Nico showed off the most ambitious automation of the afternoon: koan, a bot system designed to maximize Claude quota usage during off-hours. While he’s asleep, the bot:

Processes a queue of GitHub issues
Implements fixes and creates pull requests
Responds to PR comments
Runs multiple refinement passes: implementation, refactor, security audit

The queue is accessible via Telegram, which means Nico can add tasks to the pipeline from his phone before bed and wake up to completed pull requests. It’s queue-based, runs unattended, and uses iterative passes to improve code quality rather than trying to get everything right in one shot. The combination of multiple refinement stages and overnight execution is clever — the quota limits that would be annoying during the day become a non-issue when you have eight hours.

The Bigger Themes
#

A few threads ran through the whole session:

Specification over code. Todd made the case that the future of development is writing detailed specifications rather than code. The measure of success isn’t whether the code is correct — it’s whether the tests validate the expected behavior. He argued this requires roughly 10x more tests than traditional development. The Agent Skills specification is worth reading if this resonates with you.

Model selection matters. Most people in the group have settled on Claude Opus for serious development work. The $100/month cost is real, but the quality difference justifies it when you’re using AI as a core part of your workflow rather than an occasional helper.

Editor’s note: One person mentioned that they are using Haiku exclusively and are having issues getting quality code back out of it. I do think it’s going to be an uphill battle to get great results out of Haiku for everything. There are, however, some things it does very well. I use it to extract event and organization details out of web pages for My Mind is Racing. I would not use it to produce code, but for less complex tasks it can be a significant money saver.

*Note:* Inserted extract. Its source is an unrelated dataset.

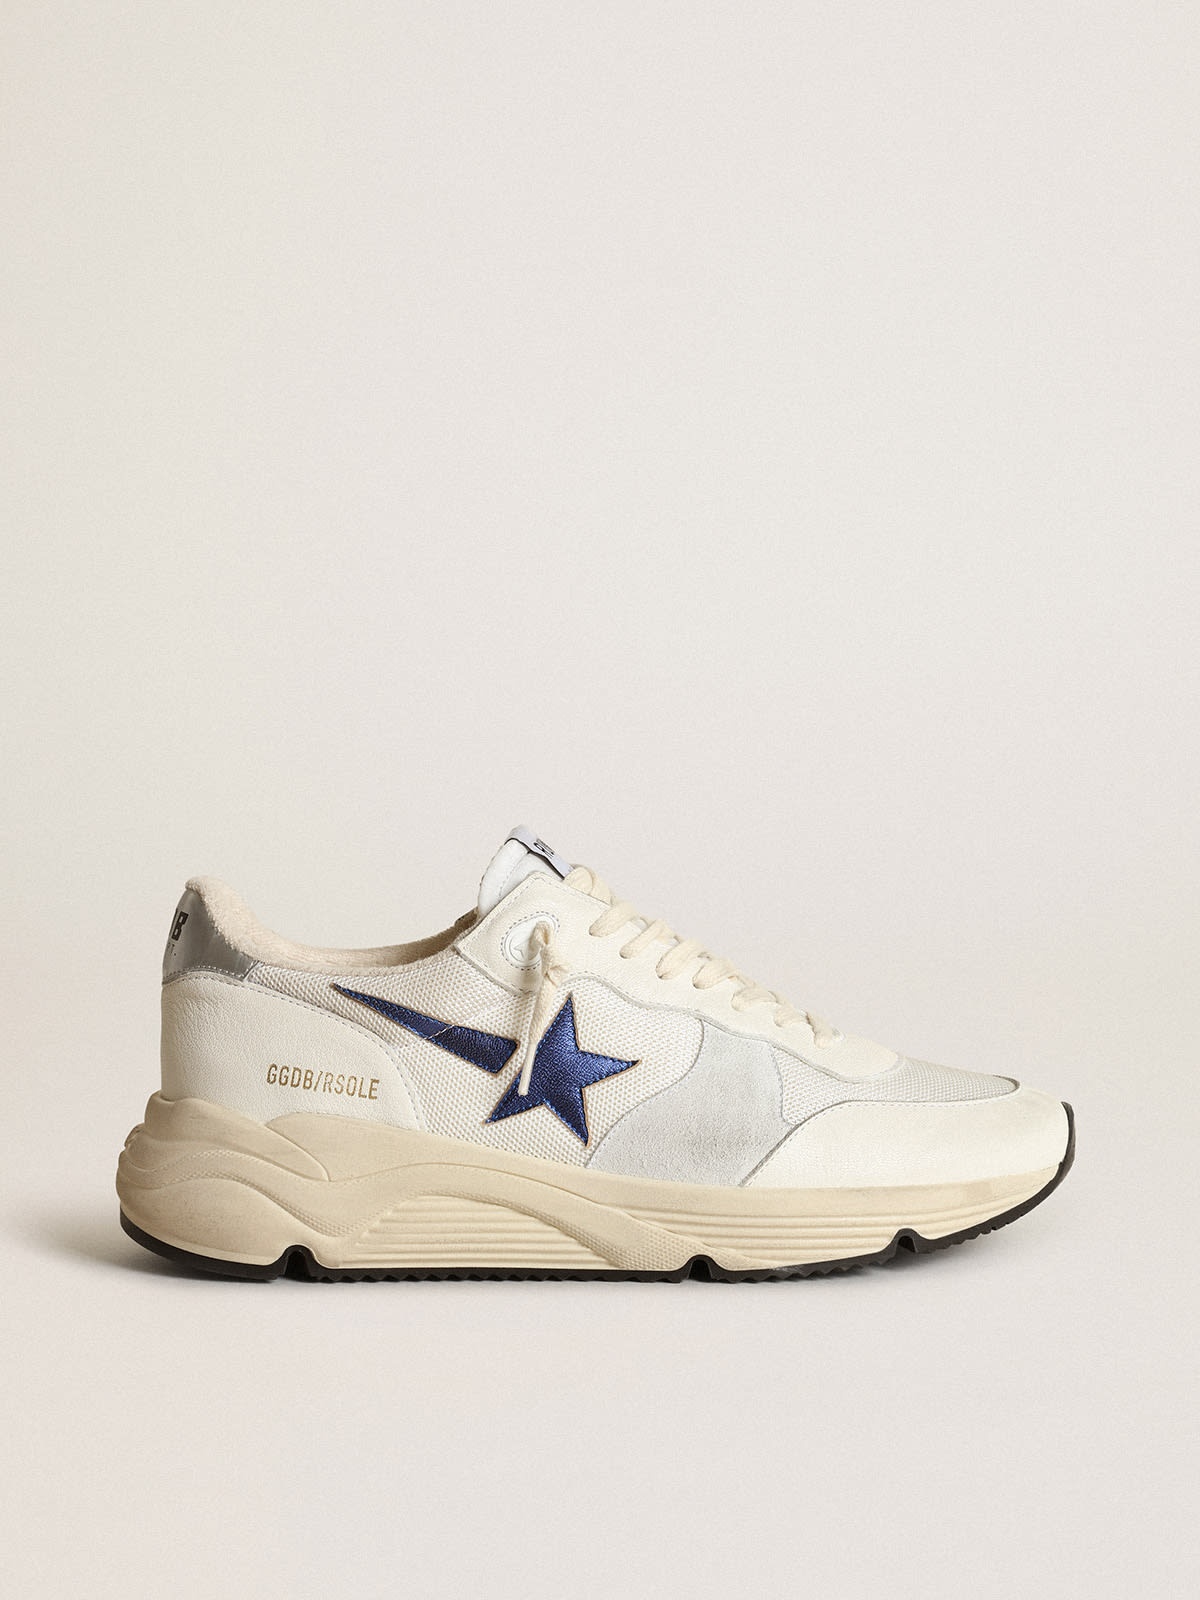 Running Sole in white mesh and nappa leather with a blue star - 1

Containerization for safety. There was broad agreement that running AI agents in isolated environments — Docker, KVM, Incus — is important for anything that touches real systems. You want controlled, auditable access, not a process that can reach anywhere it wants. Karol Galanciak has written a solid walkthrough on Claude on Incus if you want a practical starting point.

Editor’s note: I’ve spent a fair amount of time getting custom Docker containers set up so that I can let Claude essentially run hog wild while I sleep. While this is a good fit for my particular use case right now, I’m looking forward to trying out more lightweight solutions.

Image input is underused. Several people mentioned that feeding screenshots and photos to Claude for debugging is surprisingly effective. When you’re staring at a visual bug or a confusing terminal output, sometimes the fastest path is just to take a screenshot and ask.

--chrome is worth knowing about. Claude’s --chrome flag enables browser control, which opens up front-end testing automation that would otherwise require a separate framework. A few people hadn’t heard of it and were immediately interested.

Editor’s note: Playwright MCP Server can be very handy for inspecting web content as well as the network requests involved.

Addendum
#

I’m not sure if this actually, came up but I’e been using claude-pulse status line for Claude Code that gives you some visibility into what the agent is doing right now, especially around token usage. I get a lot out of that.